• [Instructions for the task] Leaving the pictures aside, return the listing exactly as it appears.

• [Raw data]
━━━━━━━━━━━━━━━━

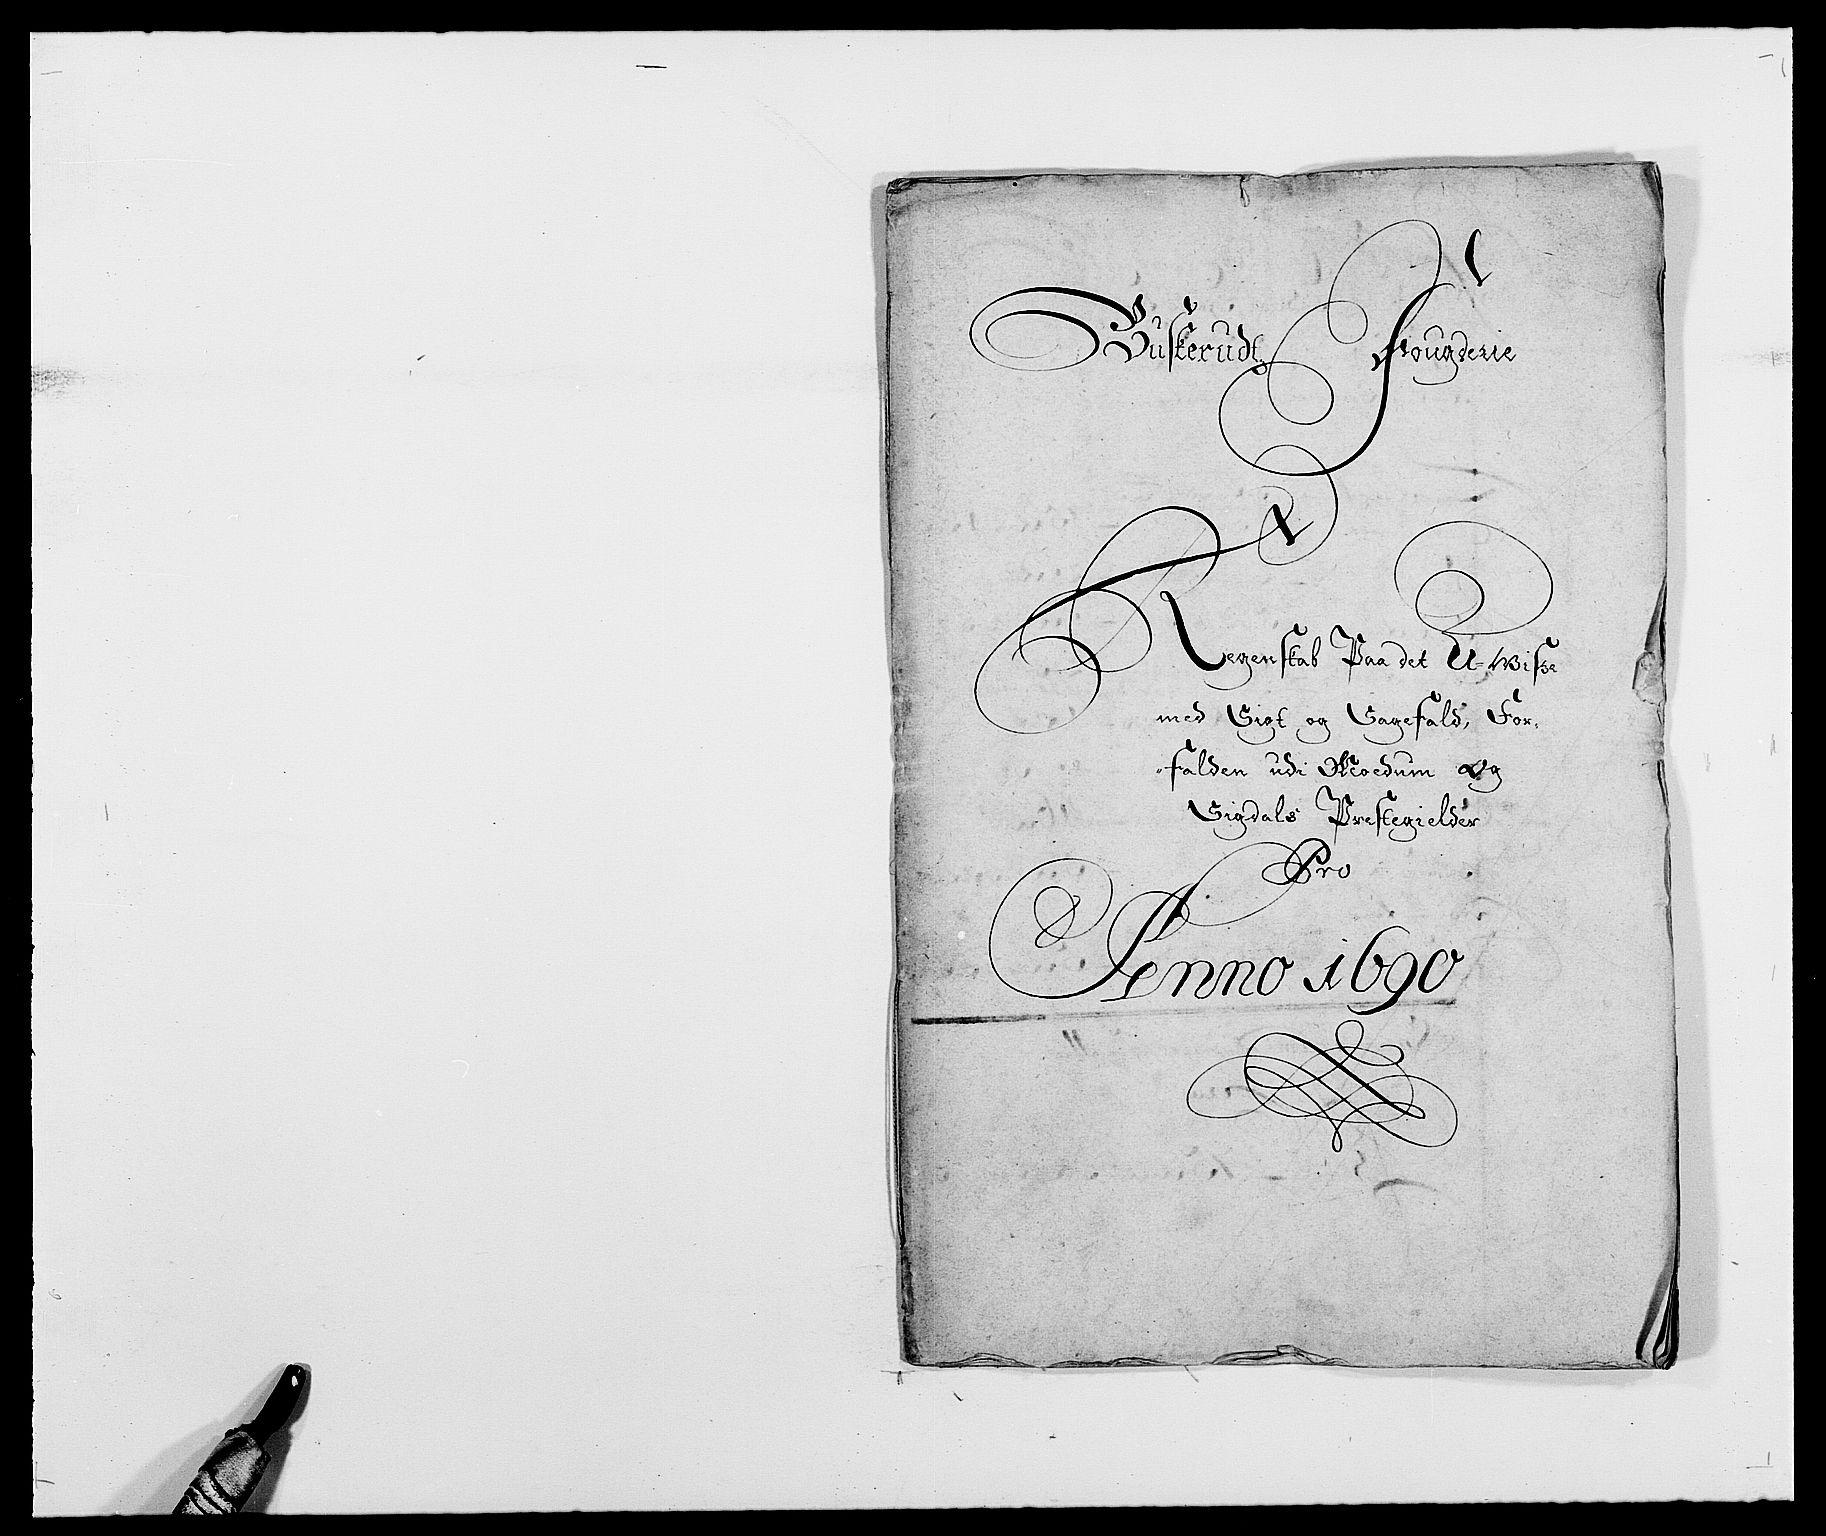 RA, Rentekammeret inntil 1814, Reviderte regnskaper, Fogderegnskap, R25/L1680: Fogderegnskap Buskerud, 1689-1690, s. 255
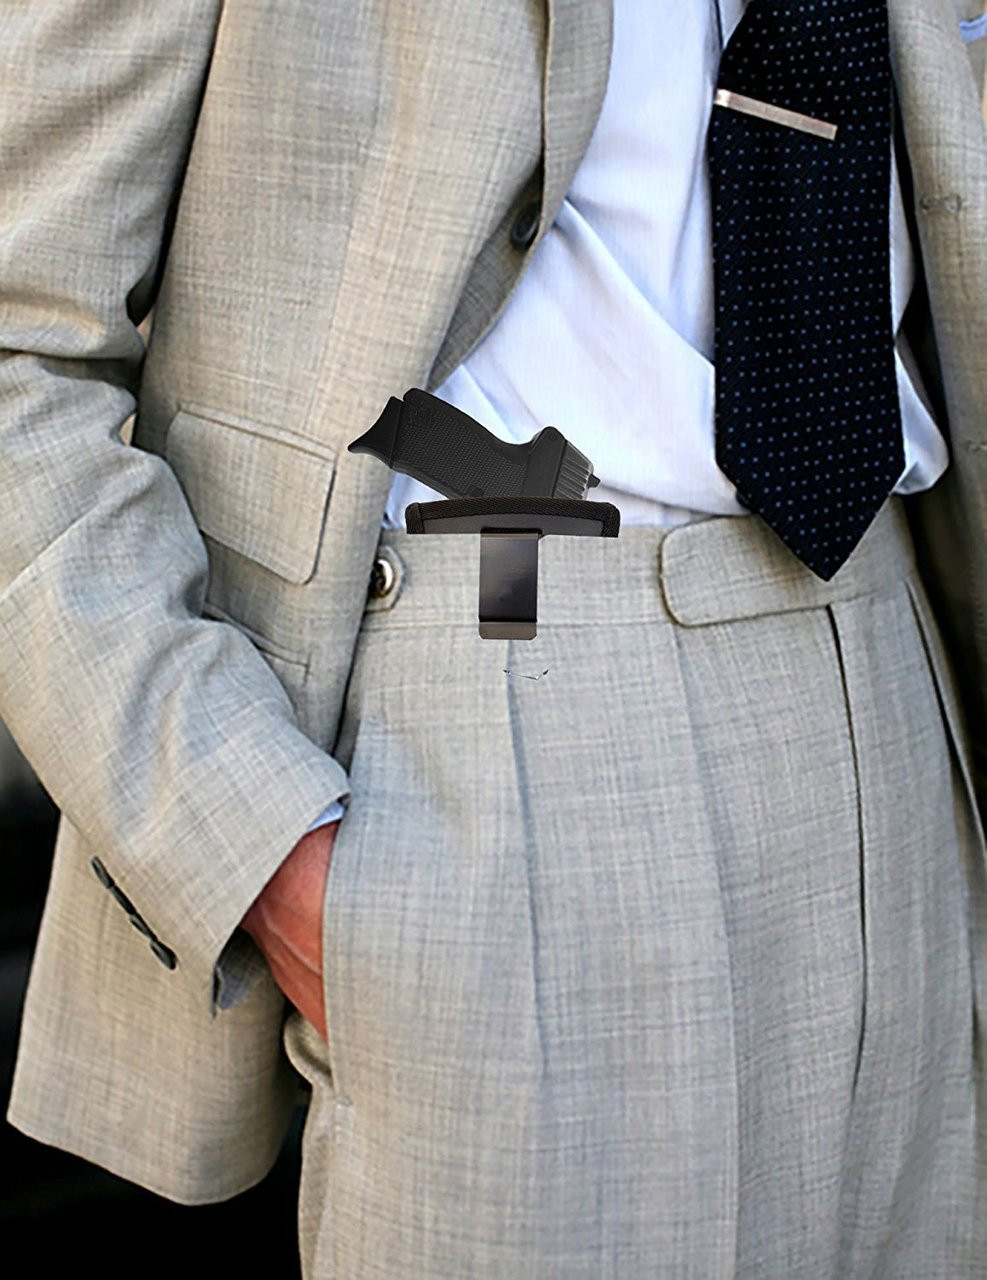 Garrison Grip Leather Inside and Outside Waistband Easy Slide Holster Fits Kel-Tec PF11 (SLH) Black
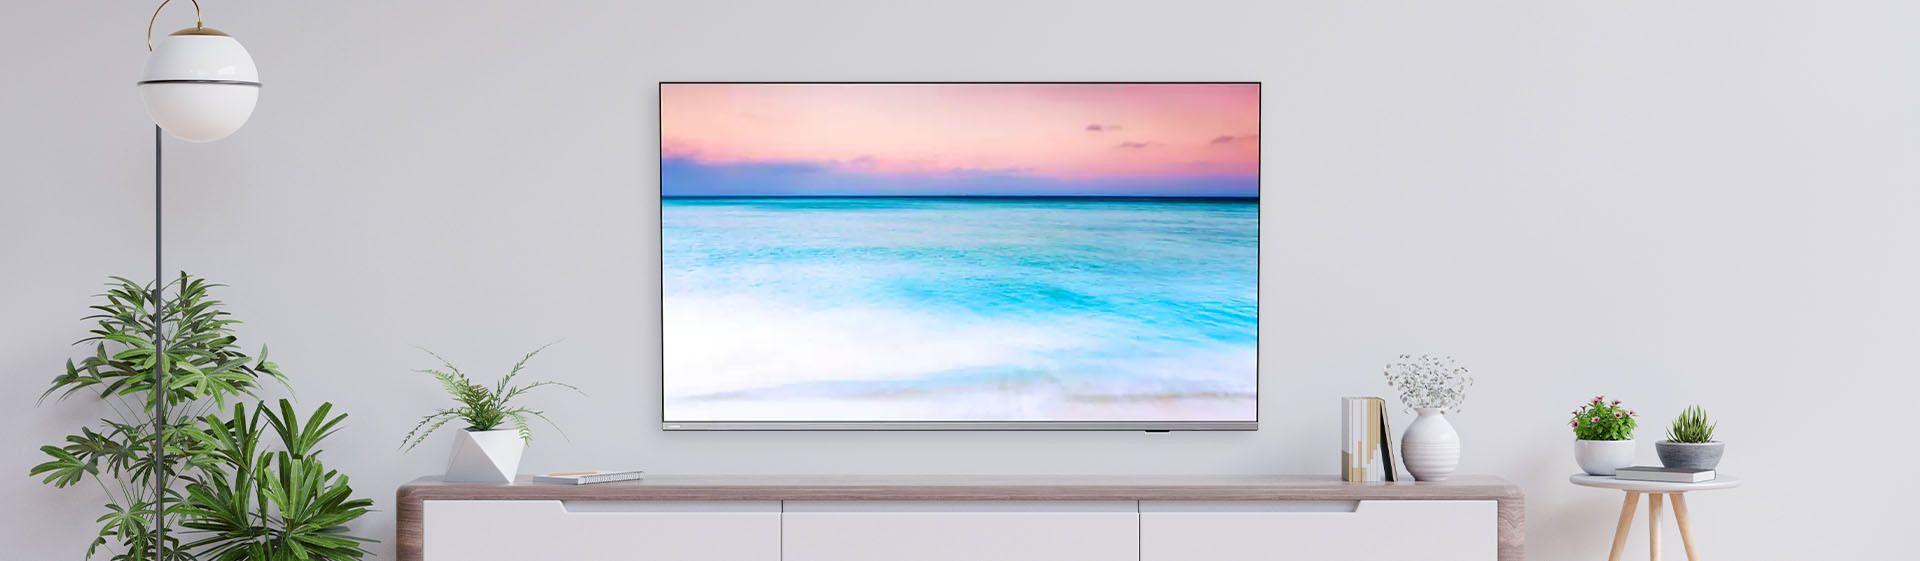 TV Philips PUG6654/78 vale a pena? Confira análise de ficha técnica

━━━━━━━━━━━━━━━━

• [Final answer]
 RA, Rentekammeret inntil 1814, Reviderte regnskaper, Fogderegnskap, R25/L1680: Fogderegnskap Buskerud, 1689-1690, s. 255
 Garrison Grip Leather Inside and Outside Waistband Easy Slide Holster Fits Kel-Tec PF11 (SLH) Black
 TV Philips PUG6654/78 vale a pena? Confira análise de ficha técnica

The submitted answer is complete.